網羅的アプローチ手法を用いて、対策基準・実施手順を策定する方法を理解すること

主なキーワード

網羅的アプローチ、PDCAサイクル

要旨

13章の全体概要

網羅的アプローチは、ISMSなどのフレームワークを利用して、対策基準や実施手順を策定する方法です。時間はかかりますが、会社としてセキュリティを確保するにあたって高いレベルでのセキュリティ対策ができるでしょう。緊急性や即効性についてはクイックアプローチ、ベースラインアプローチが勝りますが、じっくりと対策を検討する余裕がある場合、網羅的アプローチを推奨します。

13-1. 【LV.3 網羅的アプローチ】の概要

LV.3 網羅的アプローチ
網羅的アプローチでは、フレームワークとしてISMSを用いて、体系的・網羅的にセキュリティ対策基準、実施手順を作成します。ISMSのフレームワークに沿うため、技術的対策といった一部の内容に限らず、運用や監査についても含めて対策基準、実施手順を策定します。ISMSにおけるPDCAサイクルを回すために重要となるドキュメントの作成方法や、実施すべき事項について焦点を当てて説明していきます。
網羅的アプローチのメリットは、ISMS要求事項の導入が可能なことです。デメリットは、時間とコストがかかることです。

ISMSの要求事項に関連するドキュメント作成は重要ですが、あくまで手段であり目的ではありません。ドキュメントの作成と維持が目的化してしまうと、ドキュメントが形骸化し、情報セキュリティ対策としての意味がほとんどなくなってしまう場合があります。ドキュメントを精細に作り込むことより、ISMSマネジメントプロセスを取り入れ、PDCAサイクルを回していくことが大切です。ISMSに取組みはじめたときには理解できていても、ドキュメントづくりをはじめるとドキュメント作成が目的になってしまうケースが多いため、注意が必要です。

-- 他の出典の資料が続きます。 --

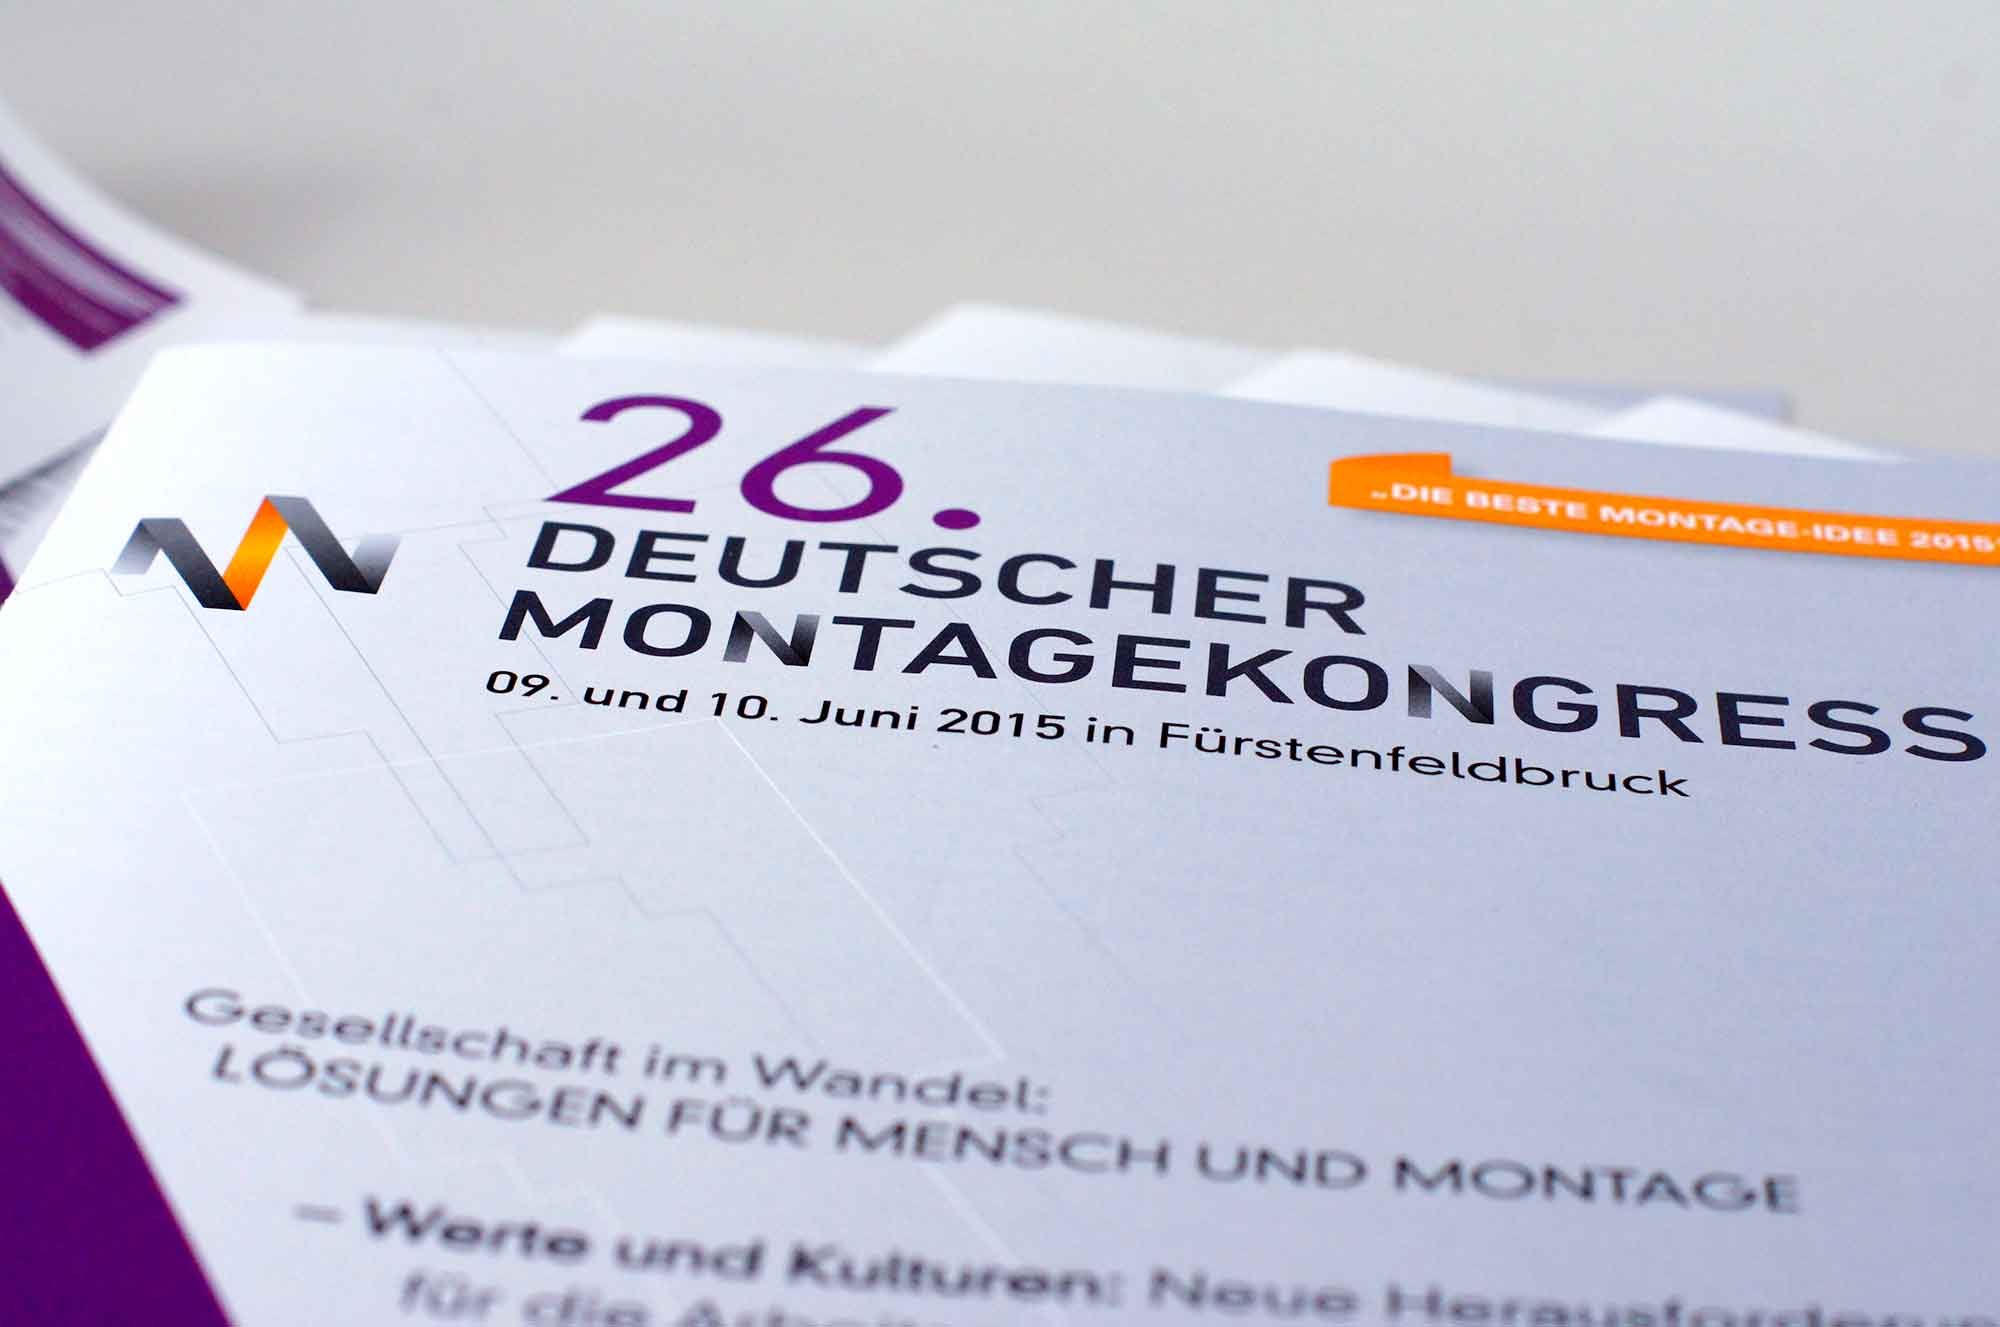 bergstromdesign.de_montage02
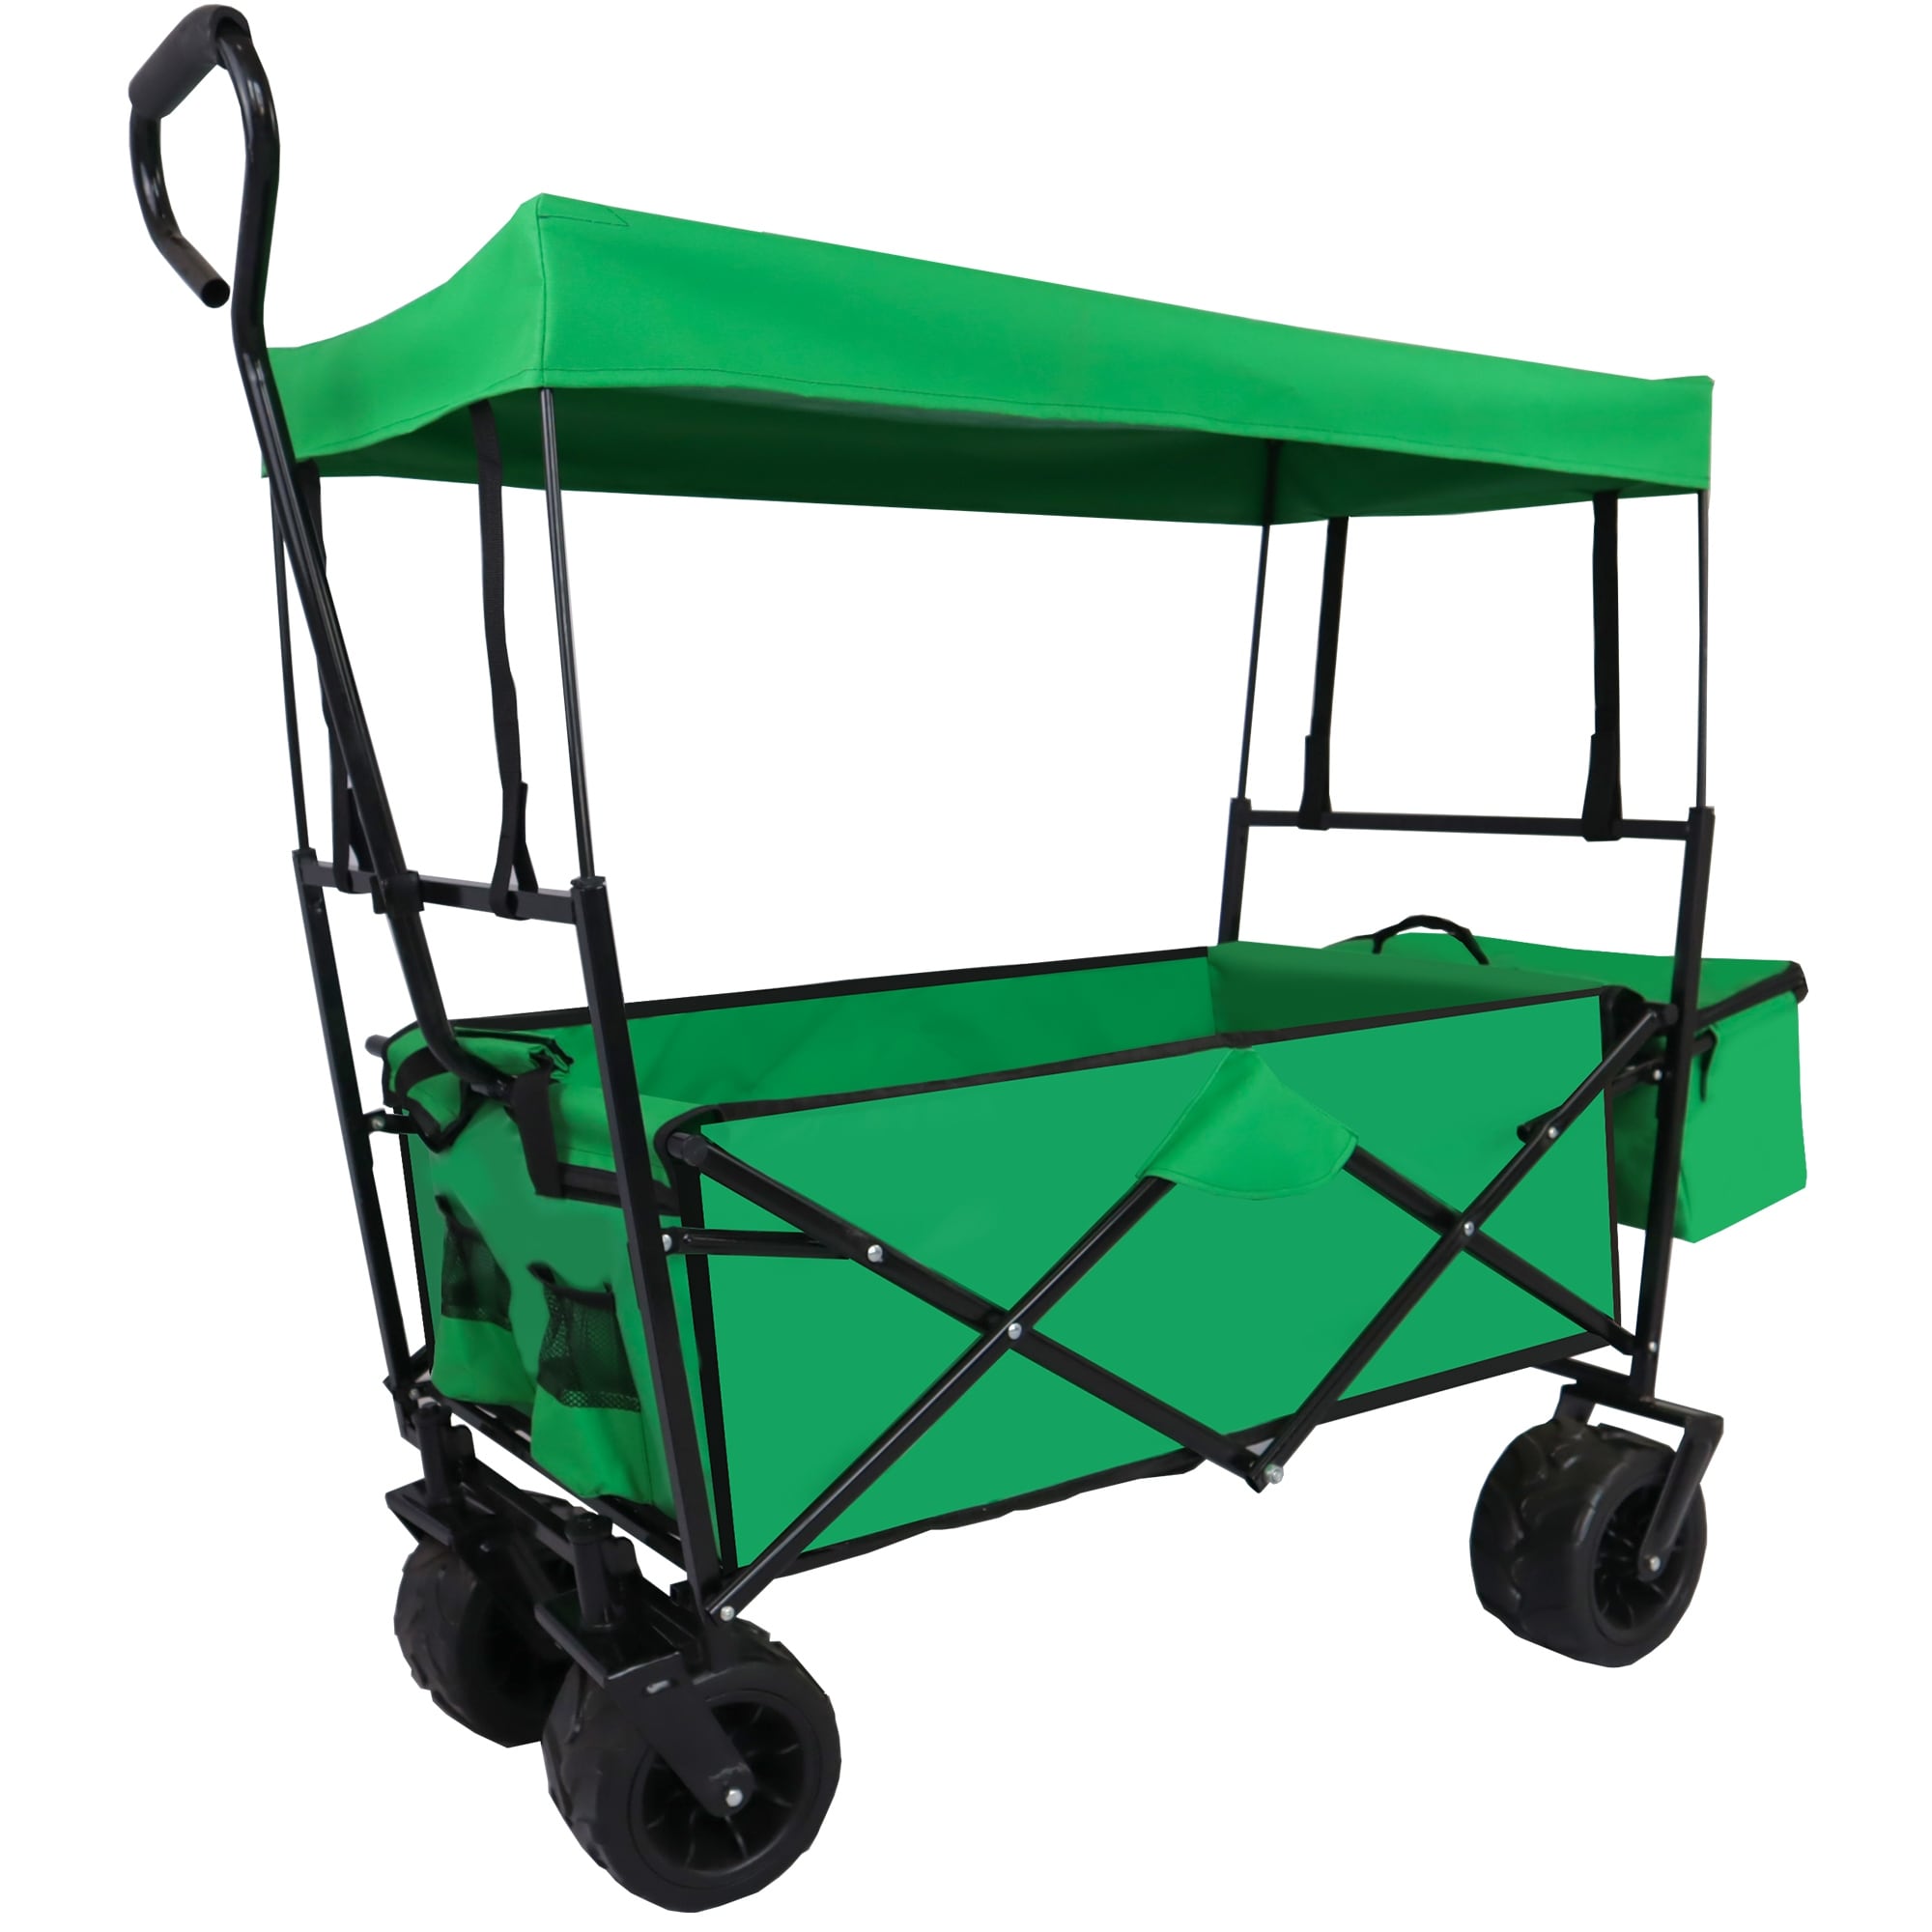 Wagon Cart Collapsible Folding Heavy Duty Utility Beach Wheels Outdoor  Garden US

13-2. 【LV.3 網羅的アプローチ】フレームワークを参考とした実施手順

ISMSは、PDCAサイクルに則って運用することとなります。ISMSにおけるPDCAサイクルを回すために重要となるドキュメントの作成方法や、実施すべき事項について焦点を当てて説明しています。
ISMSの要求事項を定めているISO/IEC 27001の1から3はそれぞれ「1.適用範囲」「2.引用規格」「3.用語及び定義」なので、実質的な要求事項は「4. 組織の状況」から「10. 改善」までの7項目となっています。

図82. ISMSのPDCAサイクル

4. 組織の状況

組織の内情や取り巻く状況、利害関係者のニーズを把握した上でISMSの適用範囲を決定することを要求している。

5. リーダーシップ

トップマネジメントが主導してISMSを構築することを要求している。(トップマネジメントが実施するべきことのまとめ)

6. 計画

ISMSの計画を立てる際の要求事項。

7. 支援

構成員の教育など、ISMS 構築にあたり組織が構成員に行うべきサポートを要求している。

8. 運用

ISMSを実行する際の要求事項。

9. パフォーマンス評価

適切なISMSが構築・運用できているか評価する際の要求事項。

10. 改善

ISMSの是正処置やリスク、改善の機会、ISMS認証の不適格があった場合の対処法。

訴求ポイント

章を通した気づき・学び

ISMSを用いる網羅的アプローチを実施することで、単にセキュリティ対策を検討するだけではなく、PDCAサイクルによってISMS自体を継続的に改善し、より自社に適した対策を検討できるようになります。

認識していただきたい実施概要

  • 「4. 組織の状況」から「10. 改善」までの7項目で必要なドキュメントの作成手順を理解すること。
  • ISMSマネジメントプロセスを取り込み、PDCAサイクルを回すこと。